More Unusual Buildings
Saturday, August 30, 2014
Last month, we showed you some bizarre and unorthodox buildings that aren't just part of a nursery rhyme or in a child's imagination. Well this month we're at it again with more wacky buildings that actually exist across the United States. Sit back, because this is going to be a wild adventure into the architecture world.
Haines Shoe House
Many children and adults alike remember the nursery rhyme 'There was an Old Woman Who Lived in a Shoe.' Well, the Haines Shoe House in Hallam, Pennsylvania, is the embodiment of that rhyme. The shoe house was built in 1948 by none other than shoe salesman Mahlon Haines. Haines modeled the house after a work boot and created the house as a form of advertisement for his sales.
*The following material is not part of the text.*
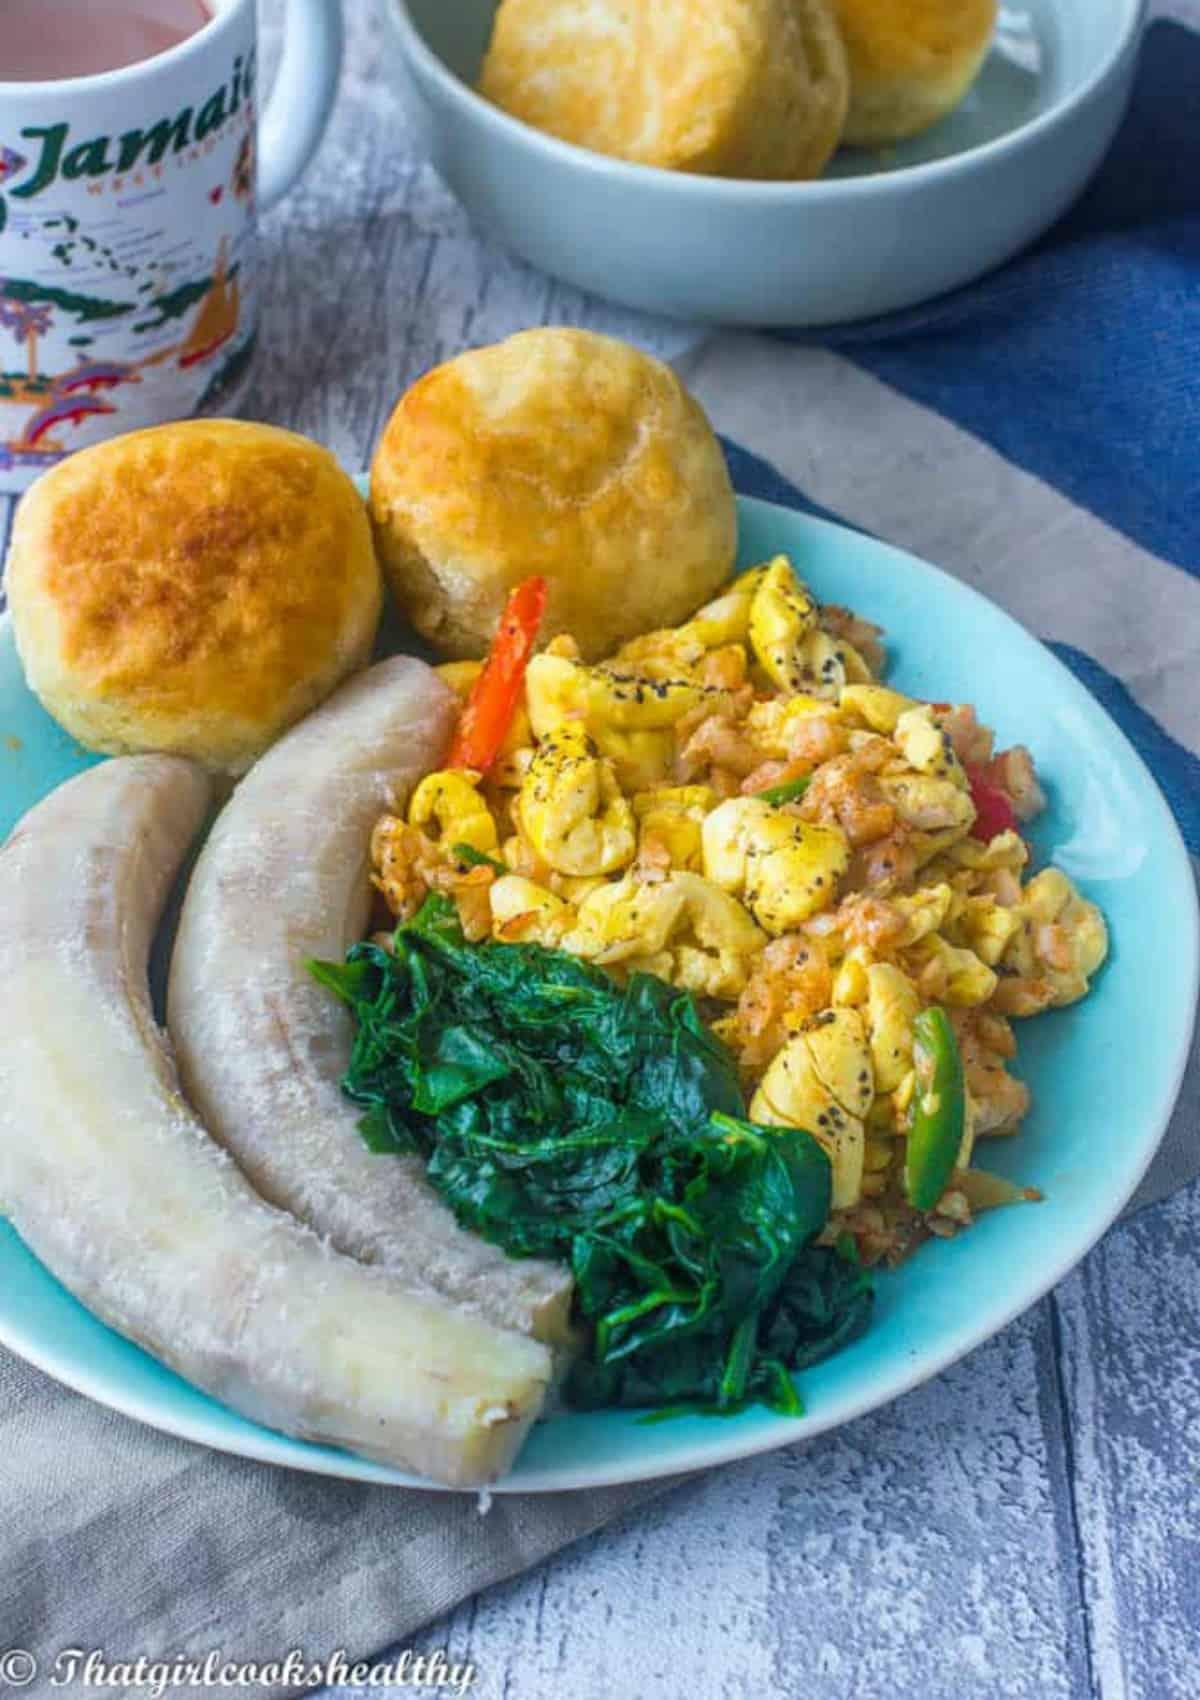 Ackee. saltfish, callaloo and green banana on one plate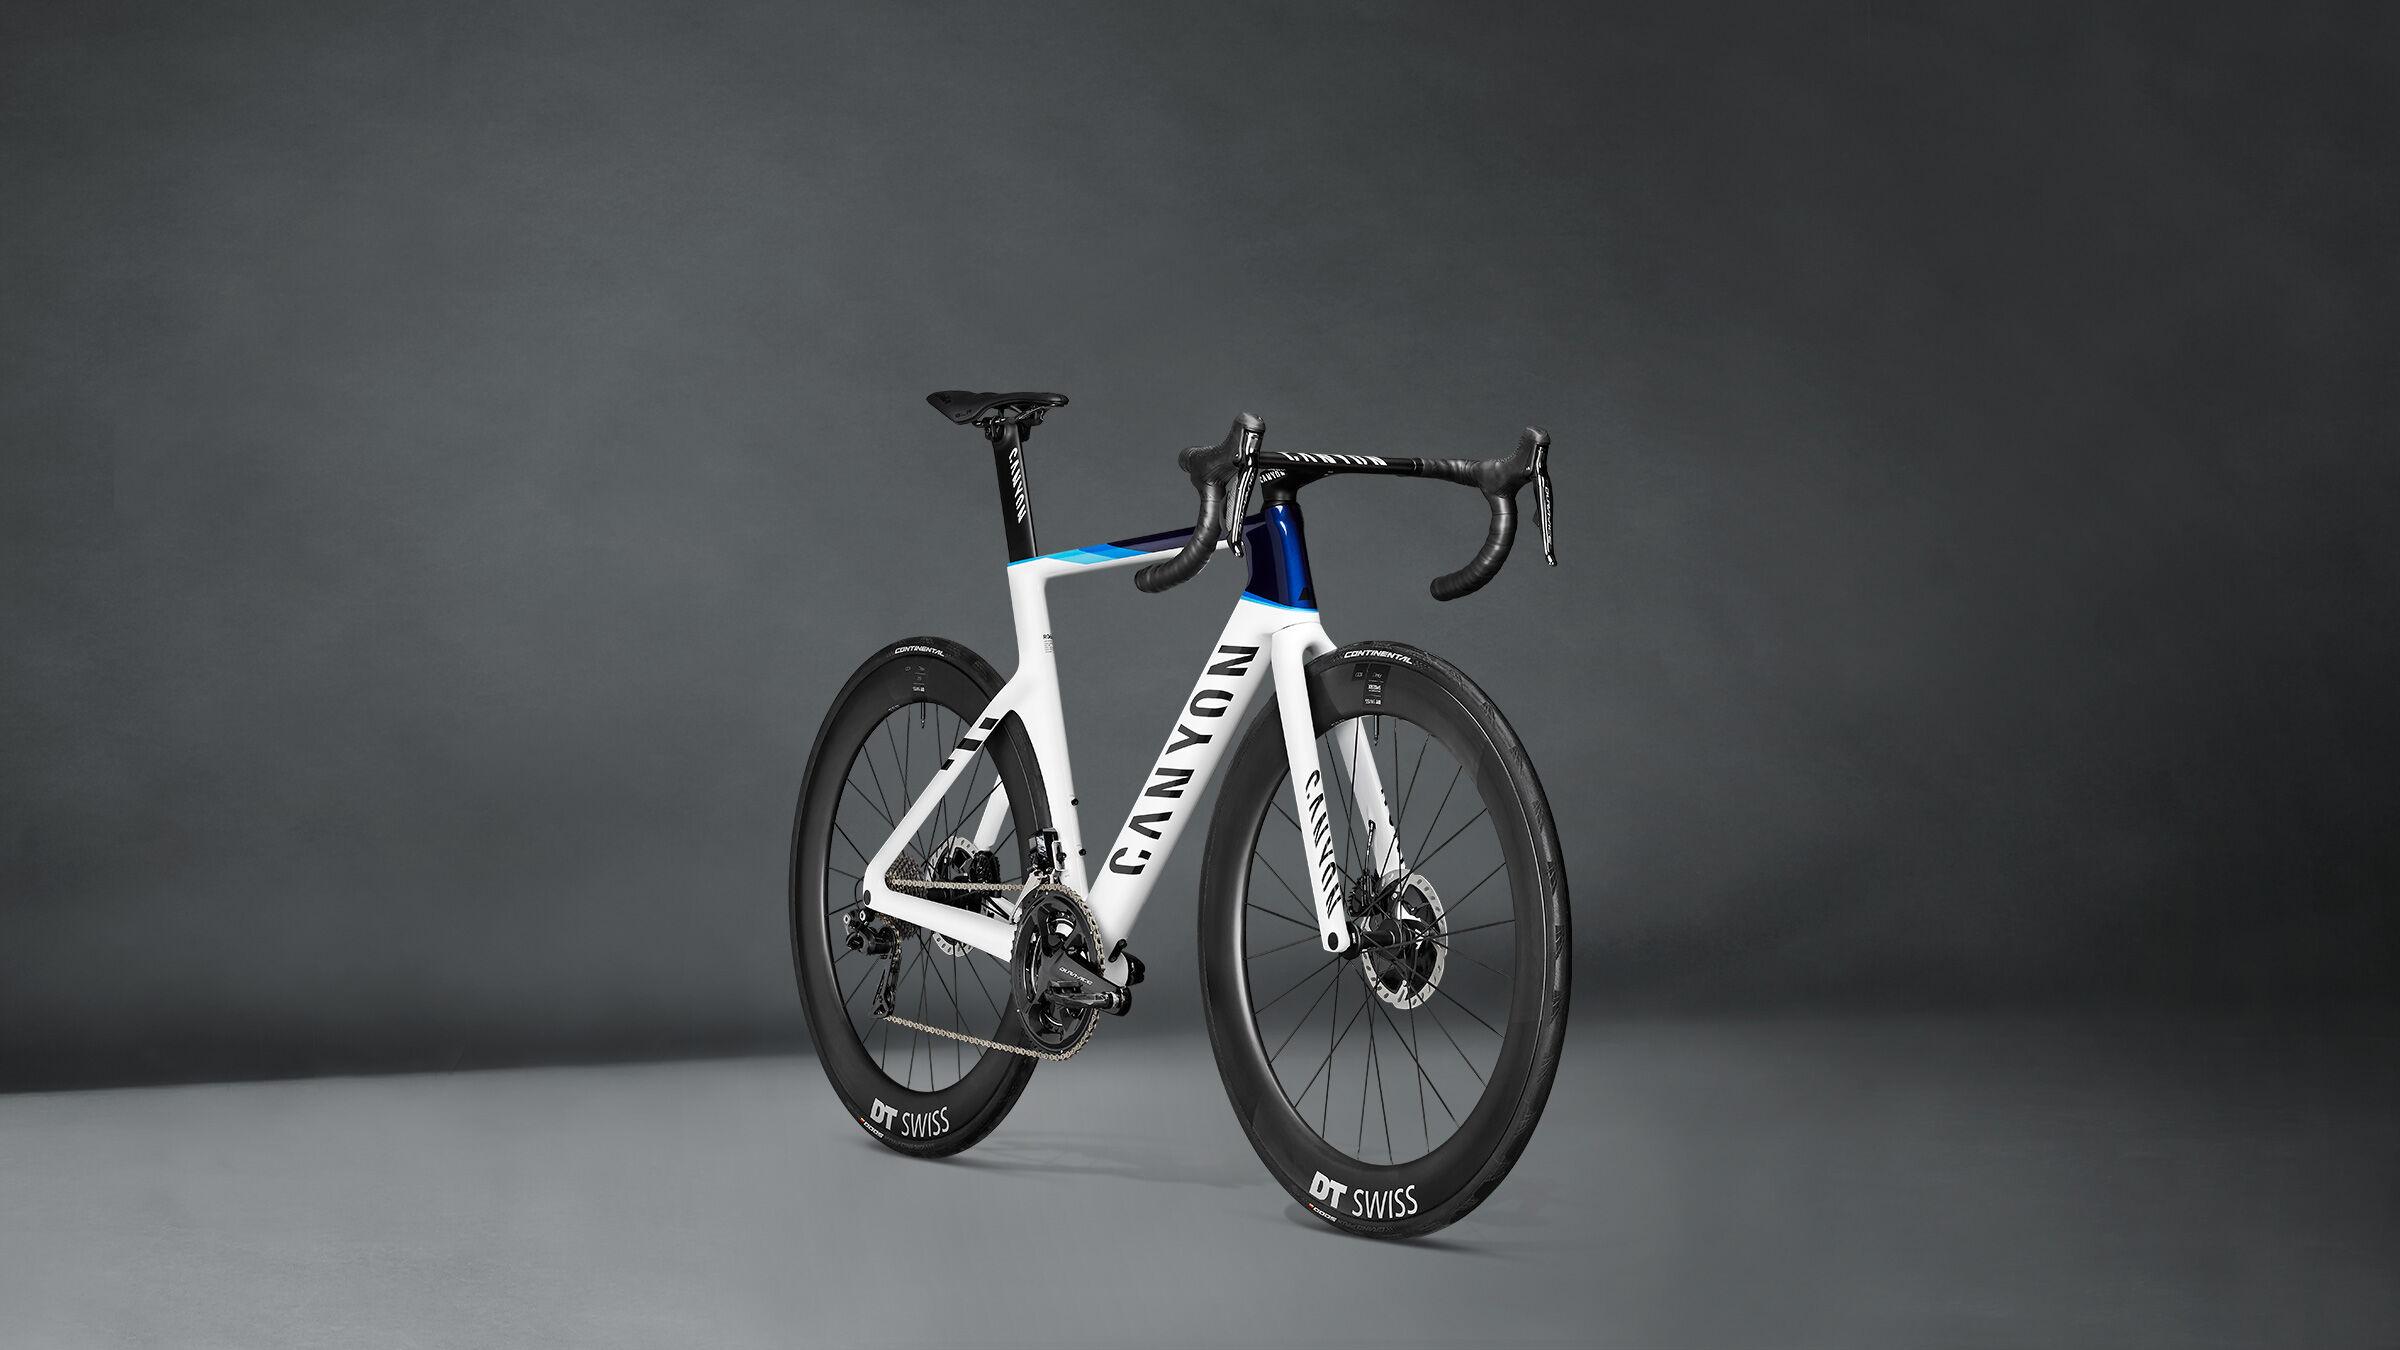 alpecin fenix cycling clothing bikes

The Haines Shoe House is five stories tall, which measure in at roughly 25 feet tall. Now open to tours for visitor, Haines initially had lived in the house himself before having people rent the home to stay in. Everyone who stayed in the home received a free pair of shoes upon leaving the house of the same name. For added fun, when taking a tour of this whimsical house, there is an ice cream shop located in the instep of the shoe. And don't forget that Haines built shoe-shaped dog house to go with this large feat!
Located in the Hyde Park neighborhood of Cincinnati, the Mushroom House is a well-known landmark in the city. The late Terry Brown built the house over a 10-year period from 1992 to 2006. Brown, coincidentally, was a professor of architecture and interior design at University of Cincinnati. Brown lived in the Mushroom House until his death in 2008.
What makes this house unorthodox is just about everything about it. The house was originally a bungalow until Brown began his work on it. Now, the house is over 1,200 square feet with its architecture and design having been done by Brown and his students. Stained-glass windows, intricate ceilings, wood designs, ceramic tiles and, of course, the siding that resembles the under part of a mushroom, all are parts of this recognizable home.
The Brown Derby
While this famous eatery isn't necessarily as unusual as the other two buildings included in this post, it is famous nonetheless. A prime example of novelty architecture, the original Brown Derby, located in Los Angeles, was shaped like - you guessed it! - a derby hat. The original restaurant was opened in 1926 during the Golden Age of Hollywood. Playwright Wilson Mizner was the manager and co-owner who opened the iconic restaurant.
To set the building apart from other restaurants in the area (since Los Angeles is a busy metropolis), it was designed like a derby hat to catch people's eyes when walking or driving by and to have them stop in. Gaining notoriety, a second Brown Derby opened in 1929, which came to be the more prominent location on the corner of Hollywood and Vine. This second Brown Derby became the place for stars to flock to. The Hollywood and Vine location became the more frequented location, even though it had a Spanish-style façade rather than being shaped like a derby hat.
There are houses, restaurants, museums and more that have an unconventional design to them across the U.S. Whether the design of the building is meant to coincide with the use of the building, or someone just wanted to be bold, wacky buildings and other forms of architecture pop up in numerous spots across the country that weren't just a part of someone's imagination.